Explanation: This illustrative Suricata rule seeks long operating-system-control (OSC) sequences (which begin with ESC ]). The rule is intended to detect anomalously long escape/control sequences sent to clients that could indicate attempts to overflow buffers. Tailor thresholds to your environment to balance false positives and negatives. This rule is defensive—do not use it to construct malicious input.

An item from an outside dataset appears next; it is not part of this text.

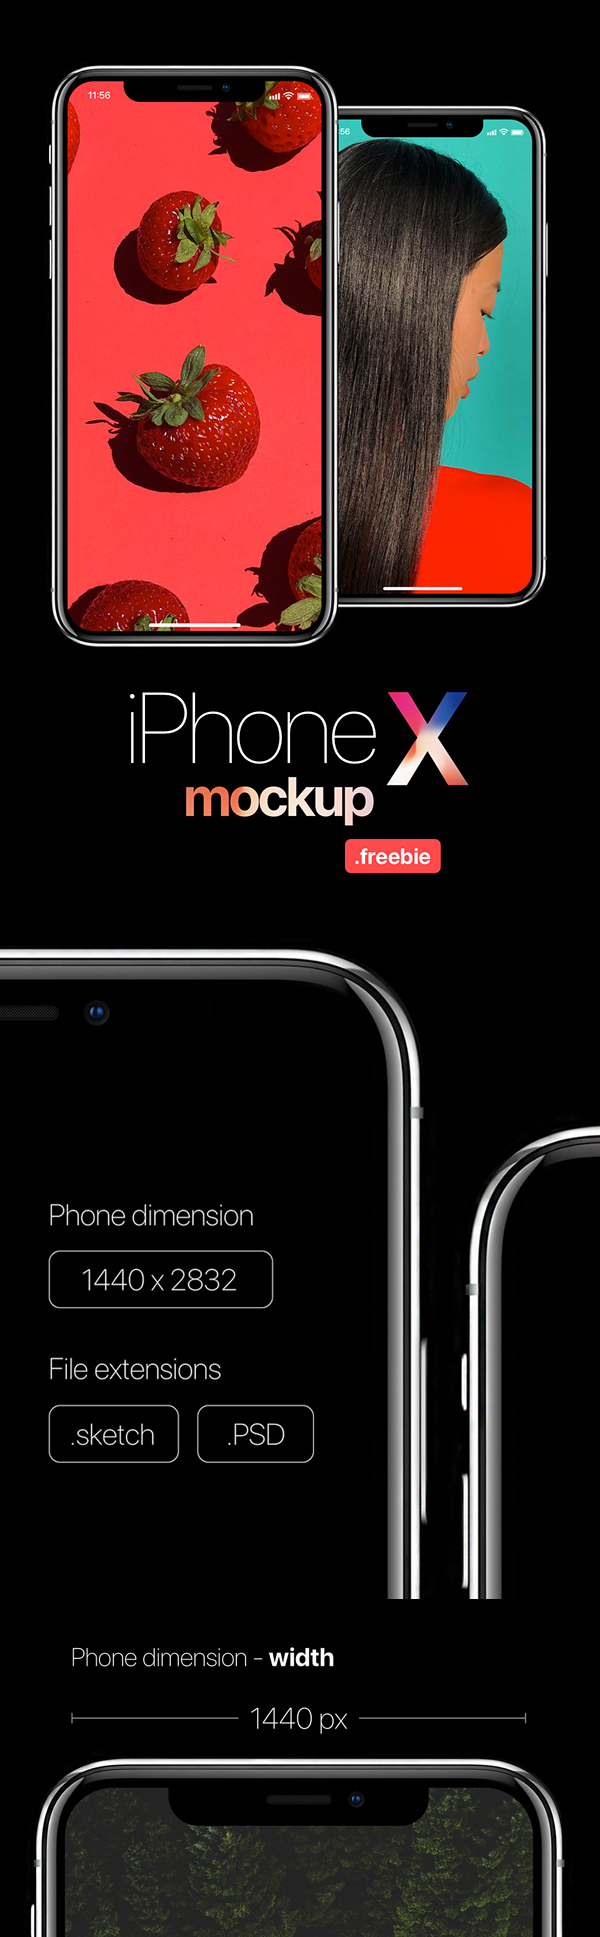 Free Download iPhone X PSD Mockups and Sketch - 5

Remediation and mitigation strategies

• Patch immediately: Upgrade to the fixed KiTTY release as published by the project. Patching is the most reliable remediation.
• Restrict untrusted sessions: Avoid opening sessions to untrusted hosts and do not import or open session files from unknown sources.
• Principle of least privilege: Run KiTTY under a limited user account—do not run it as an elevated administrator unless explicitly required.
• App whitelisting: Use application control to ensure only approved KiTTY binaries are executed and to prevent tampered versions from running.
• Runtime protections: Enable OS-level protections (ASLR, DEP, Control Flow Guard where available). These do not replace patches but increase exploitation difficulty.
• Network-level controls: Employ IDS/IPS rules to detect abnormal terminal sequences and monitor for anomalous outbound connections made by user processes.

Configuration hygiene

• Disable any feature that automatically loads or executes session data from untrusted file sources.
• Maintain strict storage and transfer controls for saved sessions and configuration files (treat them as sensitive).
• Document and enforce a patch-management cadence for terminal client software used across the organization.

Post-compromise investigation guidance

• Collect forensic artifacts: process memory dumps of kitty.exe, event logs, and network captures around the time of the crash or suspected compromise.
• Review created processes and scheduled tasks for signs of persistence established by an attacker via the compromised session.
• Search endpoints for unknown binaries, suspicious parent-child process relationships, and unusual listening sockets opened by user processes.
• Rotate credentials that were used in sessions from the potentially affected terminal client, and consider requiring MFA for privileged access where possible.

Additional resources

• KiTTY project and releases: https://github.com/cyd01/KiTTY/
• Official security advisories and release notes from the KiTTY project (check the Releases page for the patched version).
• CVE database entry: CVE-2024-25004 (refer to authoritative CVE records and vendor advisories for the finalized details).

Final notes for defenders

Buffer overflow vulnerabilities in terminal clients are particularly dangerous because they blur the boundary between remote content and local code execution. Prioritize patching, limit exposure to untrusted hosts and session data, and add detection controls to catch anomalous terminal traffic and application behaviors. If you discover suspicious activity, treat it as a potential compromise and follow your incident response playbook.